Laman es un gran lector, tiene un carnet de la biblioteca pública y Frank se lo coge siempre que puede, a escondidas, para ir a leer. Desarrolla así una gran pasión por la lectura. Eso por lo menos será algo que Frank le deba a Laman el resto de su vida. Muy pronto le dará beneficios. Laman tiene también una bicicleta y Frank suspira por que se la deje. Le promete dejársela si le vacía todos los días el orinal.
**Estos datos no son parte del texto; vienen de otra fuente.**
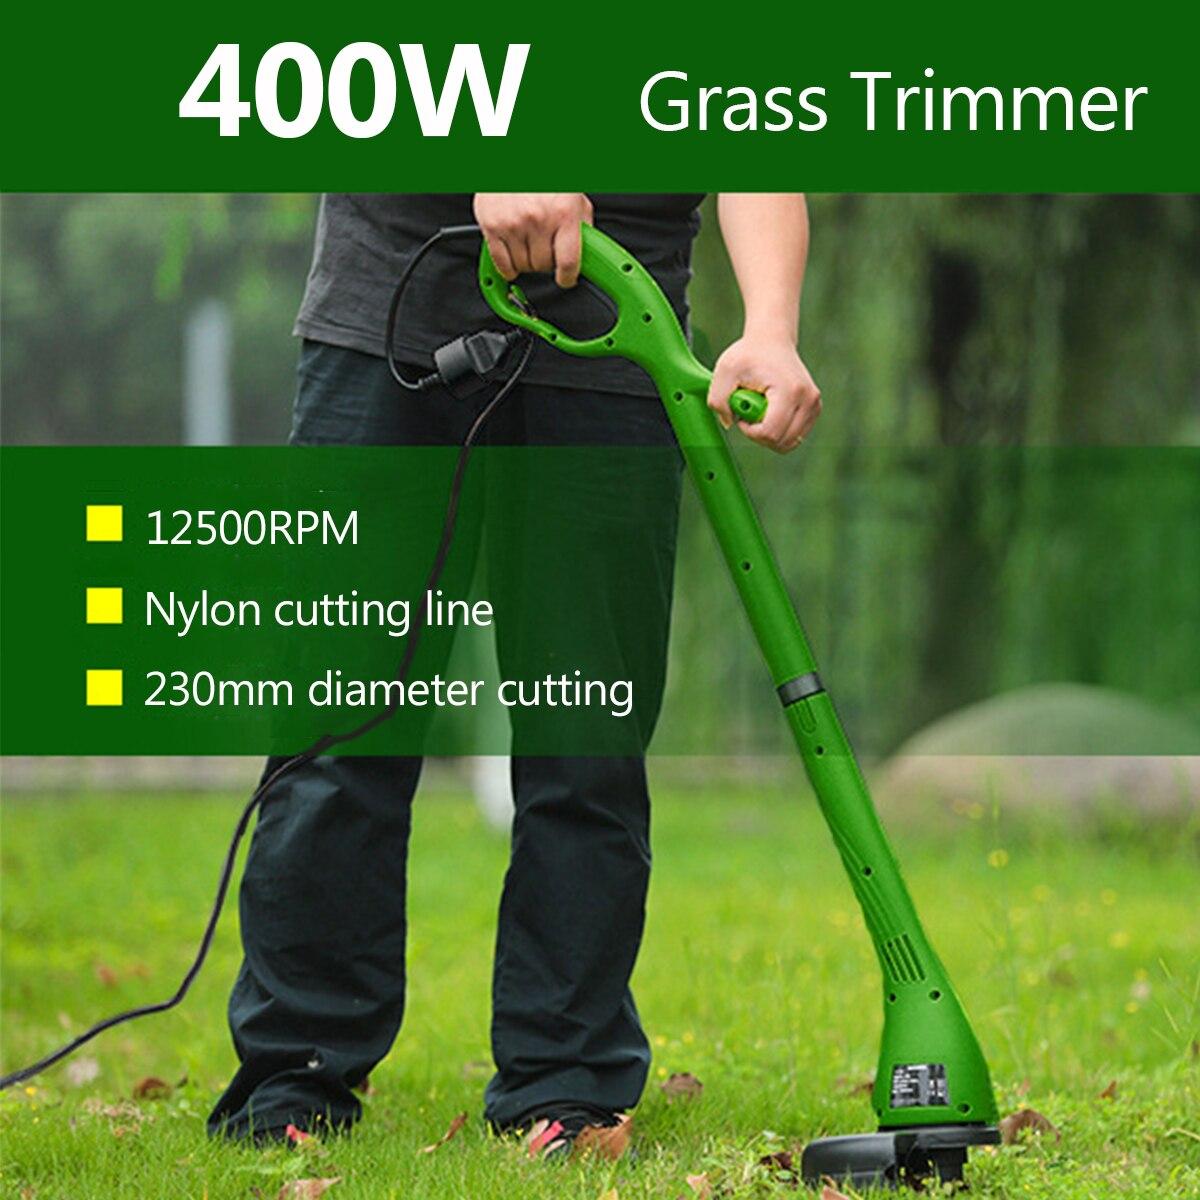 400W Electric Grass Trimmer Strimmer Cutter Lawn Mower Garden Heavy Duty 230mm Cutting Home Garden Grass Cutter Pruning Trimmer цена

–Claro que puedes usar mi bici –dice. Los chicos deben poder salir y ver el campo. Claro. Pero te lo tienes que ganar. No se puede conseguir nada de balde, ¿verdad?

–Sí.

–Y yo tengo un trabajo para ti. No te importa trabajar un poco, ¿verdad?

–No.

–¿Y te gustaría ayudar a tu madre?

–Sí.

–Pues bien. Ese orinal está lleno desde esta mañana. Quiero que subas, que lo recojas y que lo lleves al retrete y lo enjuagues bajo el grifo de fuera y que vuelvas a subirlo.
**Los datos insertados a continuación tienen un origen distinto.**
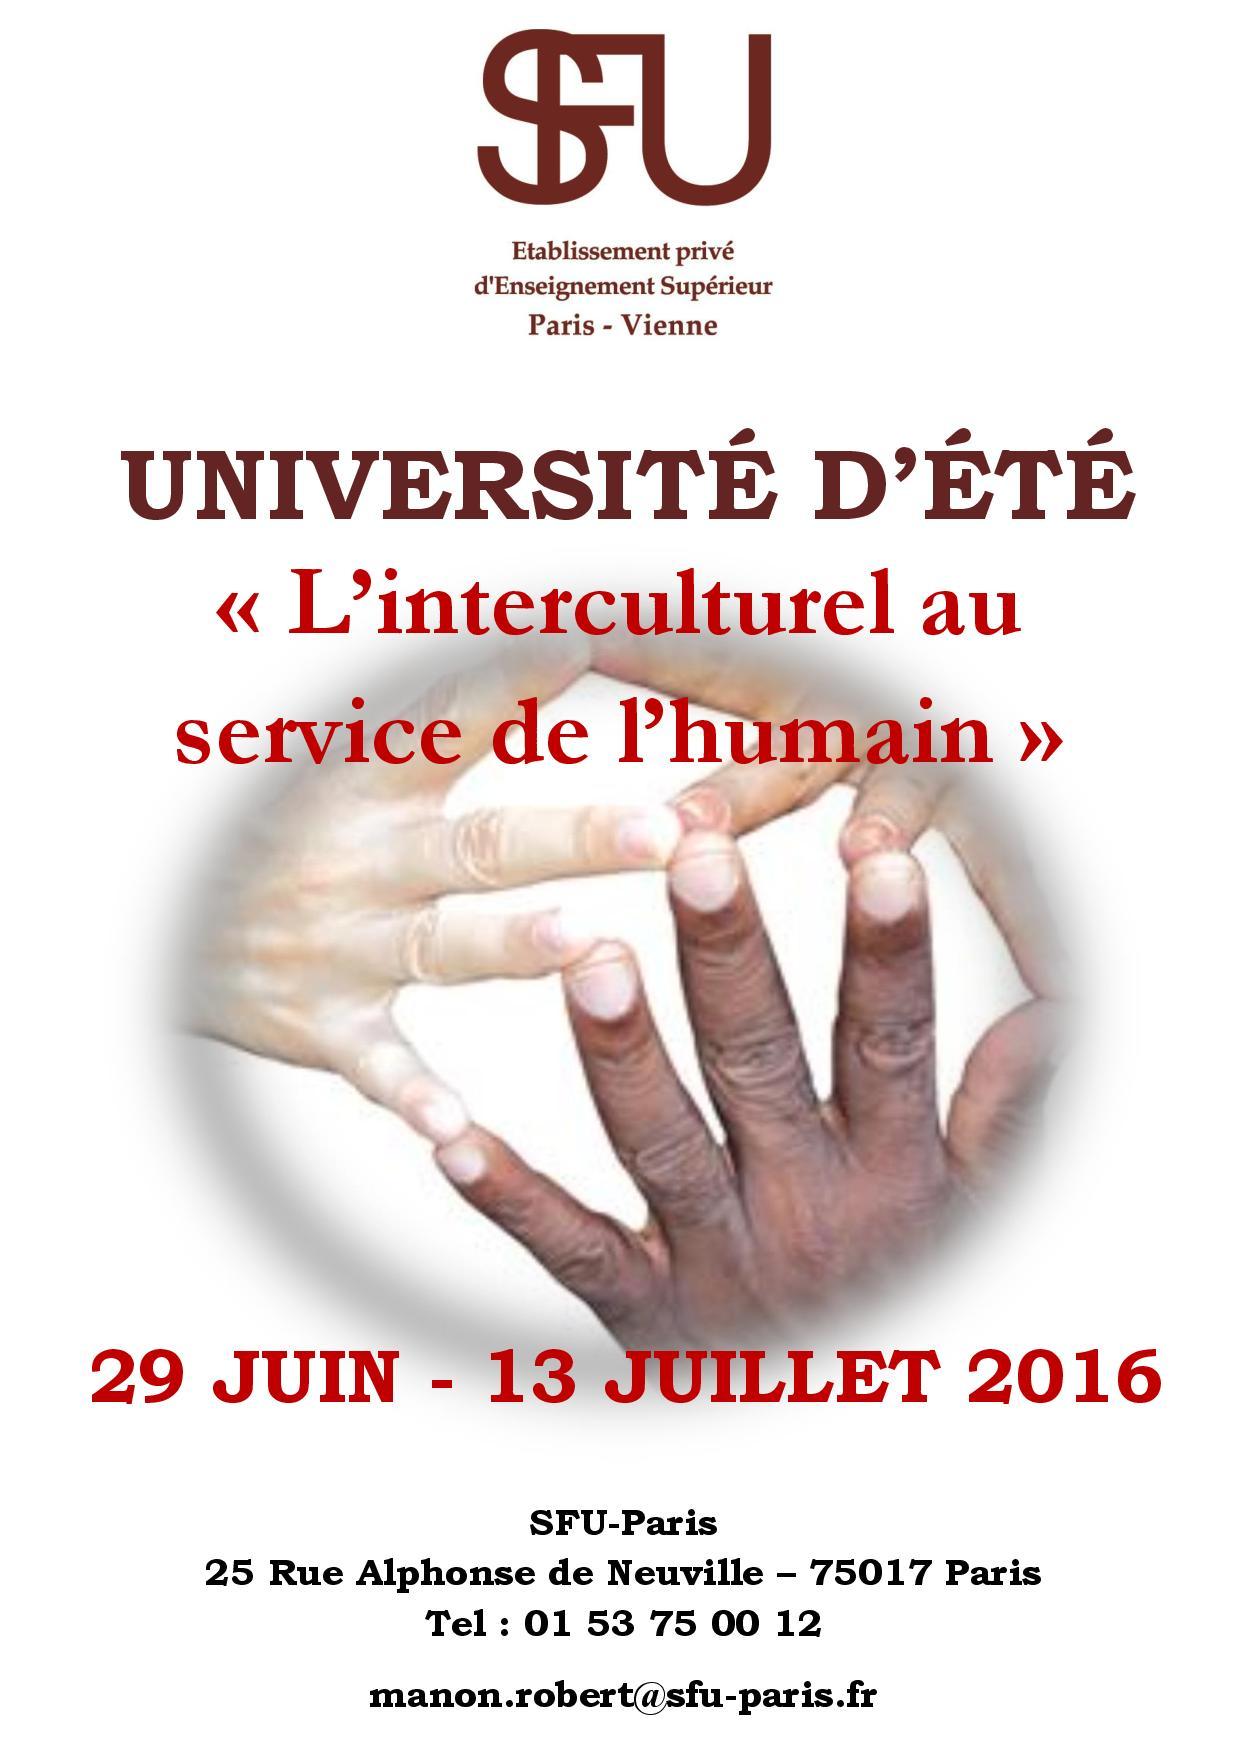 Université d'été 2016

Yo no quiero vaciarle el orinal, pero sueño con recorrer millas en bicicleta rumbo a Killaloe, campos y cielos, lejos de esta casa, bañarme en el Shannon y dormir una noche en un granero. Arrastro la mesa y la silla hasta la pared. Me subo, y allí está, debajo de la cama, el orinal blanco. Listado de marrón y de amarillo, a rebosar de orina y de mierda. Lo deposito suavemente en el borde del altillo para que no se derrame, me descuelgo hasta la silla, cojo el orinal, lo bajo, aparto la vista, lo sujeto mientras bajo a la mesa, lo coloco en la silla, me bajo al suelo, llevo el orinal al retrete, lo vacío y vomito detrás del retrete hasta que me acostumbro a hacer este trabajo. Laman me dice que soy un buen chico y que la bici es mía siempre que quiera, a condición de que el orinal esté vacío y de que yo esté dispuesto a acerarme de una carrera a la tienda para comprarle cigarrillos, a ir a la biblioteca a traerle libros y a hacer cualquier otro recado que él quiera.

–Tienes mucha mano con el orinal –me dice. Se ríe. Y mamá mira fijamente las cenizas apagadas de la chimenea.
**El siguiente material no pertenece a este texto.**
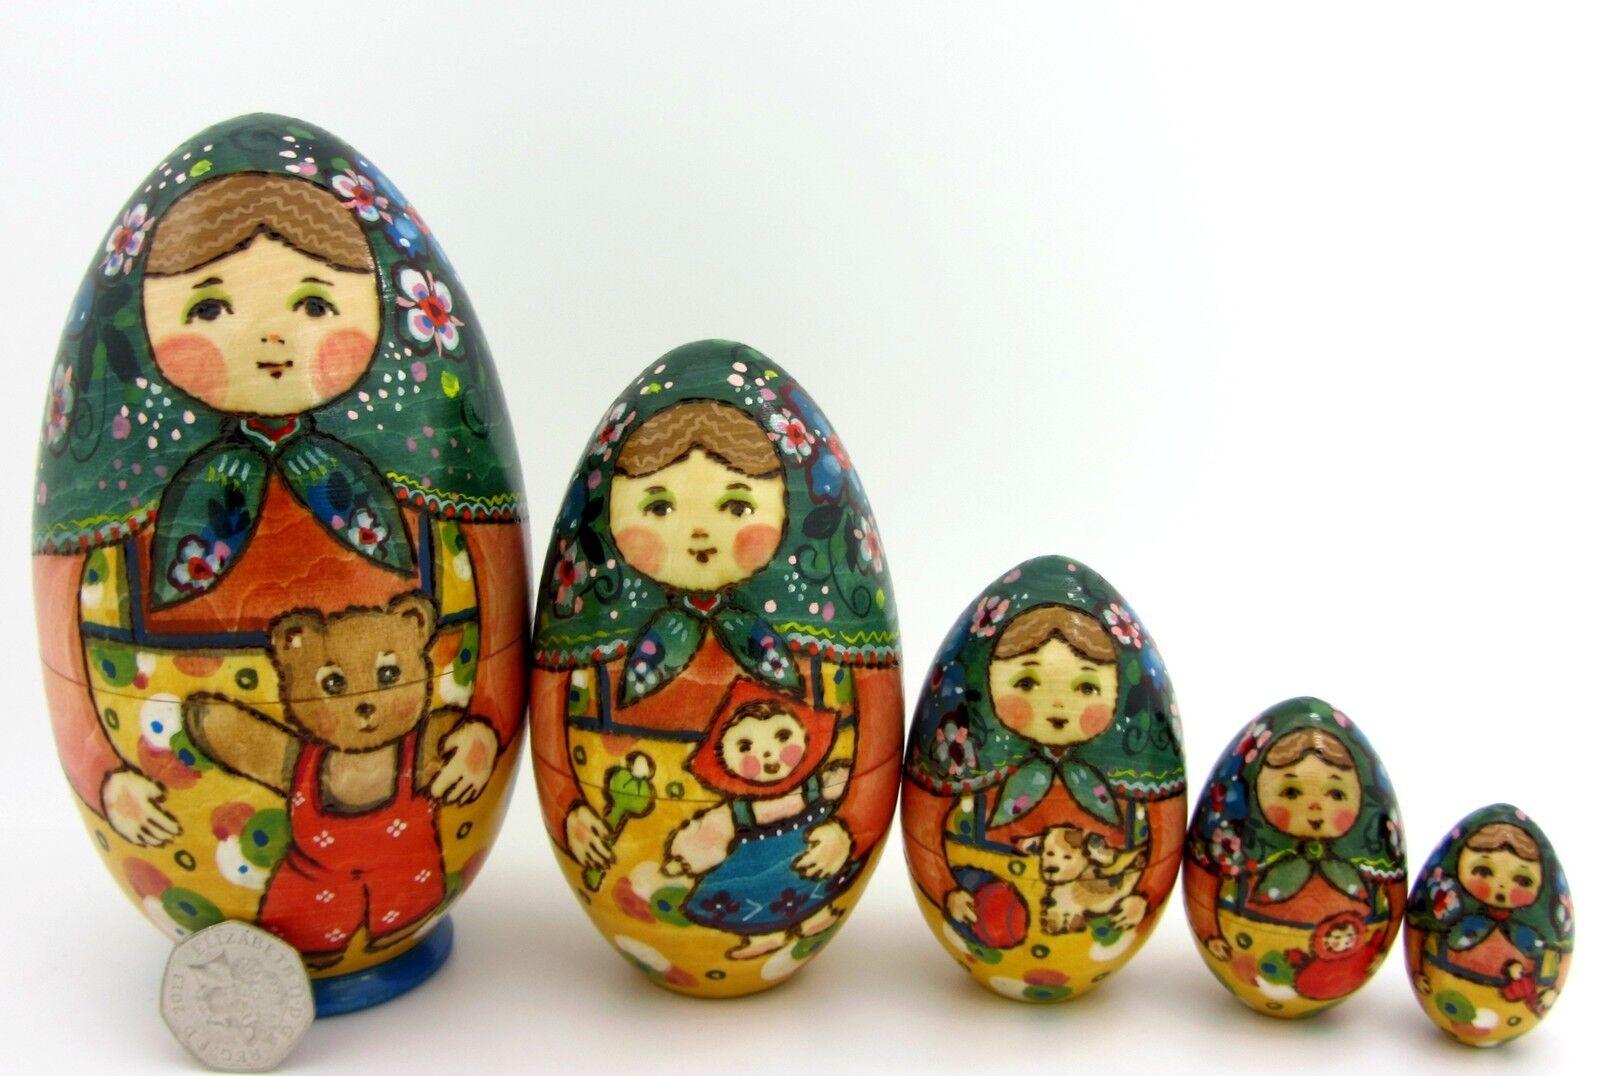 UOVO Ryabova martryoshka Autentico bambole russe a matrioska dipinti a mano 5 Teddy Toys

Así las cosas, una noche, la víspera de la excursión a Killaloe para la que Frank quiere la bicicleta, Laman llega borracho a casa. A Frank se le ha olvidado vaciar el orinal. Laman le dice que la promesa de dejarle la bici ya no está en pie y, como quiera que Frank le contesta, le da una paliza brutal. Frank se va de la casa y se convierte, con trece años, en un niño sin hogar, si lo que tenía antes podía considerarse uno. Va a casa de su abuela, que murió de un resfriado como consecuencia del empapamiento de lluvia el día en que desahuciaron a Ángela. Su tío Pat, al que todo el mundo llama el Abad, le acoge. A partir de entonces el Abad será para Frank lo más parecido a un amigo y un padre.